Dr. Nhouyvanisvong spent the last twelve years working in education in Minnesota. He has created and ensured the psychometric integrity of large-scale educational assessments for the Minnesota Department of Education and for large testing companies. He has taught at the University of Minnesota and is an adjunct faculty at Metropolitan State University and Saint Mary's University.
Dr. Nhouyvanisvong received his Ph.D. from Carnegie Mellon University and his MBA from the University of Minnesota. He's one of the few Lao in the country who hold an advanced degree but he's inspired a generation to reach for the best within themselves and others and much of our national conversations as a community were made possible because of him.
Success wasn't always a guarantee. There were many uncertainties along the way.
At the end of the war in Laos in 1975, his family’s journey was just beginning. It would take them to many states including Southwest Minnesota, North Carolina and Fresno, California. They were hoping to start over and build a new life with each other and the community. No one could say what would happen next, but it was clear Adisack loved to learn. Getting his advanced degrees, he set precedent and became a role model for many Lao, inspiring others and demonstrating academic success is possible.

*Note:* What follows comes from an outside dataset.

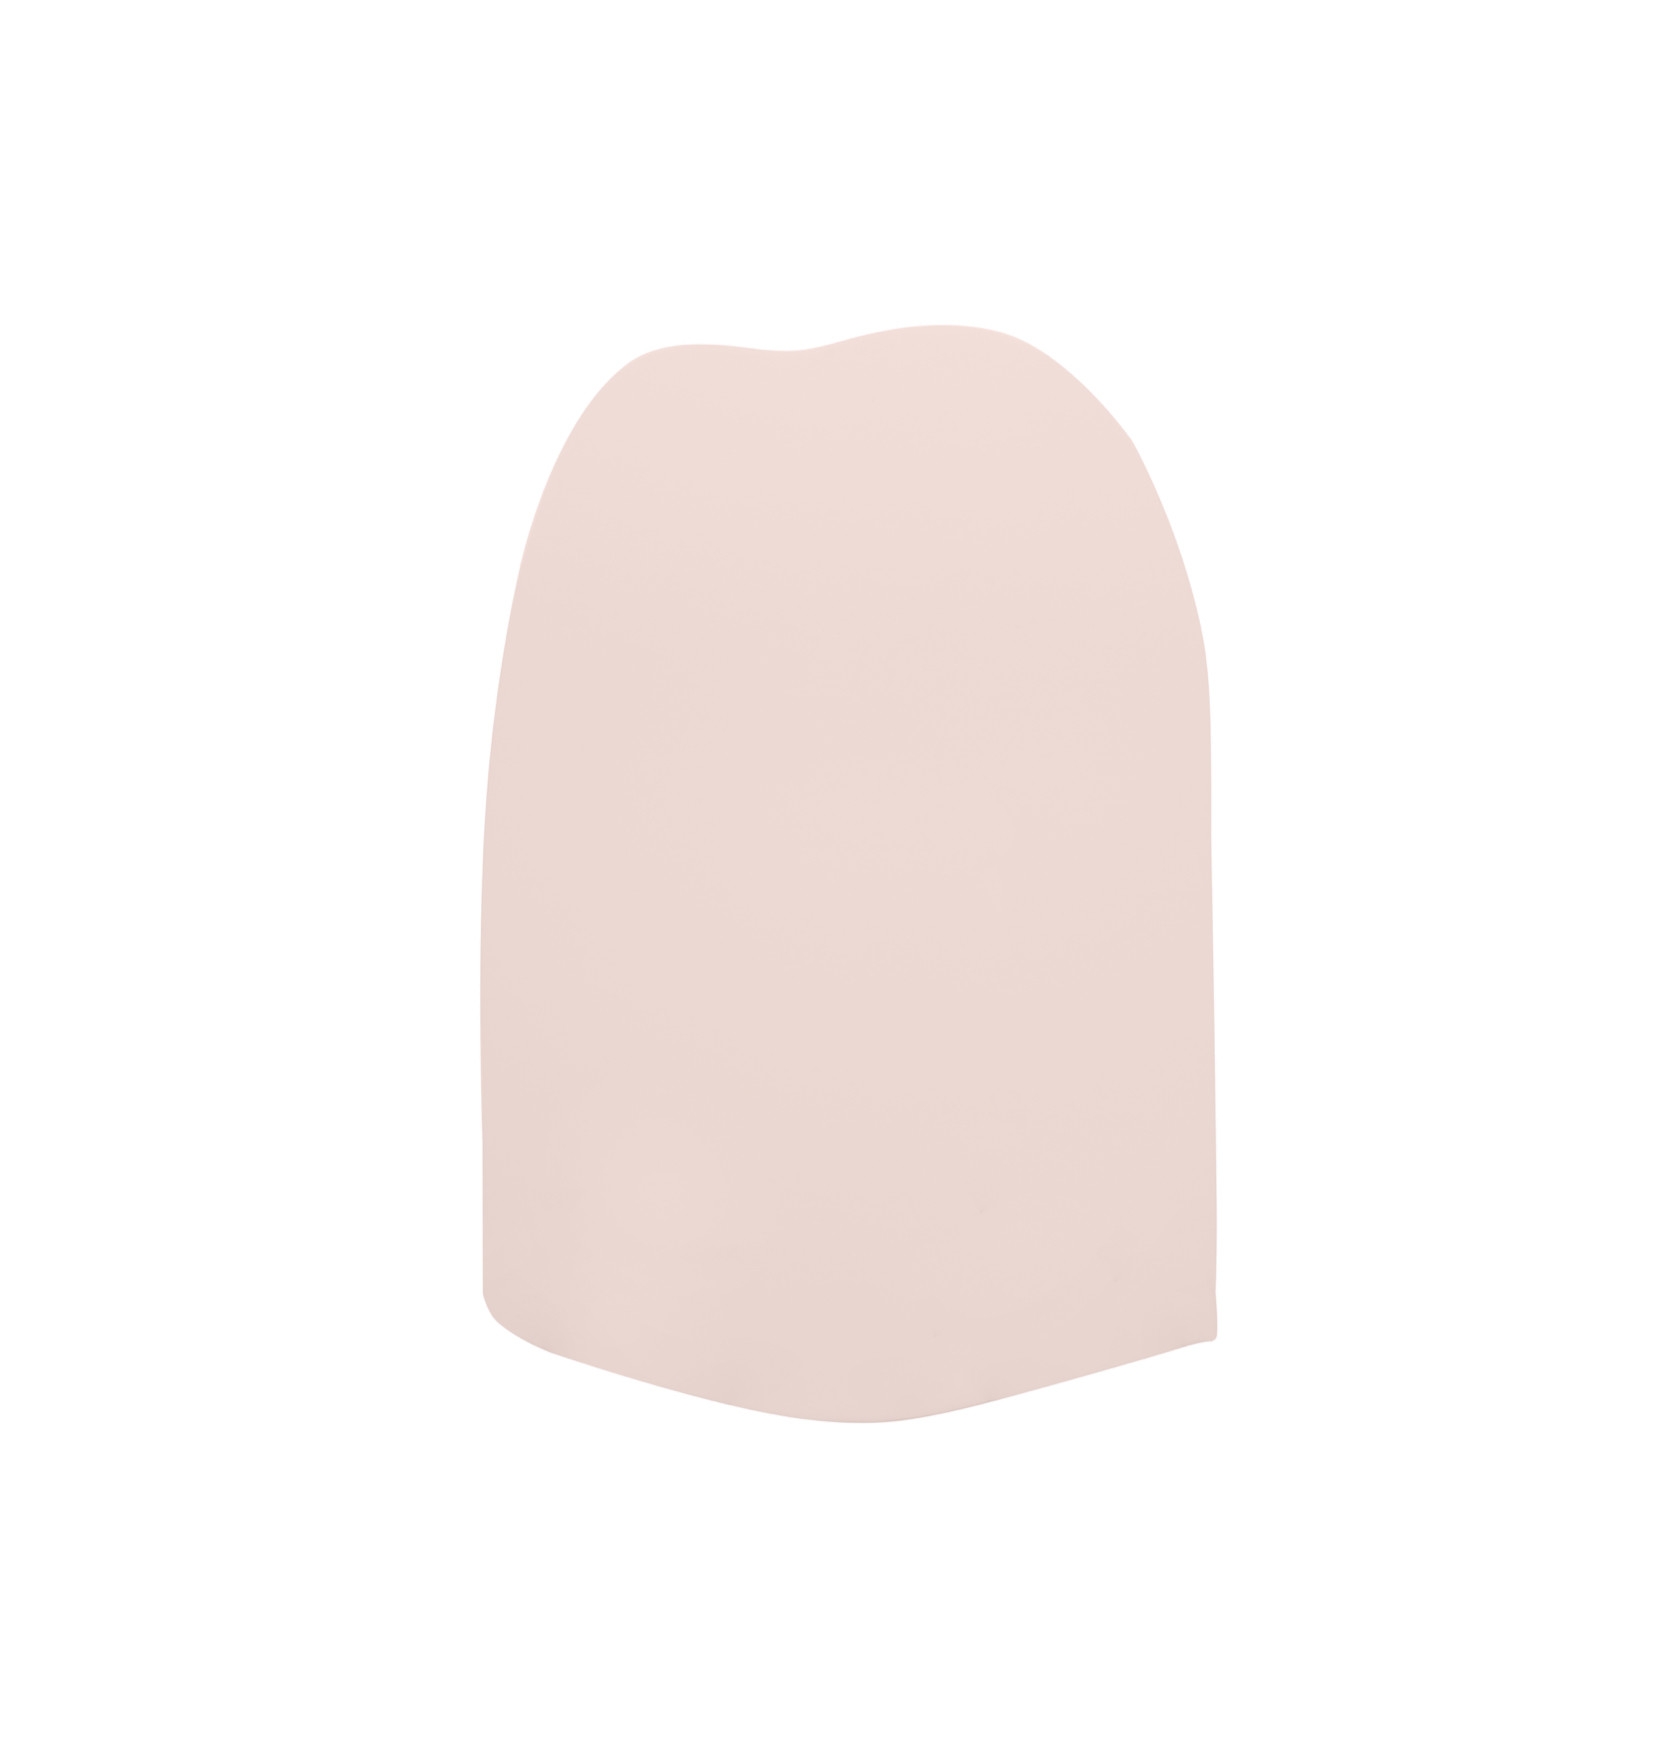 Clare Paint - Baby Soft - Wall Swatch - Image 1

But he also wanted to give back to the community and in 1995 he helped to co-found the SatJaDham Lao Literary project, a grassroots movement to give voice to the nearly 200,000 Lao refugees scattered across the globe and set in motion much of the modern expressive voice of Lao in America today.
He also has volunteered with many charitable causes including the recent Twin Cities exhibit Legacies of War: Refugee Nation, a multimedia, interdisciplinary project to examine the complex relationship of the Lao journey to Minnesota which drew over 1,200 people. Dr. Nhouyvanisvong was also a featured guest of the first Lao American Writers Summit, gathering nationally recognized Lao writers from across the country, many for the first time in 35 years, and recently spoke at the Lao Student Association of Minnesota's Student New Year Celebration at the University of Minnesota.
Last year he teamed up with local entrepreneurs who were just as passionate about learning technology as he was and he formed Naiku, an educational software company that has been discussed in the Star Tribune and Asian American Press. He continues to live in Minnesota with his wife and three children and is instilling a deep love of art, culture, education and community service within them.
From 1996 to 2002, Adisack and the grassroots organizers of SatJaDham produced five of the earliest collections of Lao American writing by Lao in their own voices.
As Lao Americans, we can see the results of these efforts as many in SatJaDham went on to lead and participate in national and local organizations committed to education, the arts and the success of Lao both in America and around the world. Organizations such as the Center for Lao Studies in California and the Lao Heritage Foundation. Adisack is often very humble about his efforts in this process but I believe it is fair to say much of the Lao American renaissance we see is possible in part because of opportunities and encouragement he and his friends created.
In 1995, they made direct connections between the arts, academic success, grass roots philanthropy and community building, a little ahead of their time as we look around the country today.
I deeply look forward to what he will contribute to our world in the years ahead and happily congratulate him with my thanks for all that he made possible here in Minnesota.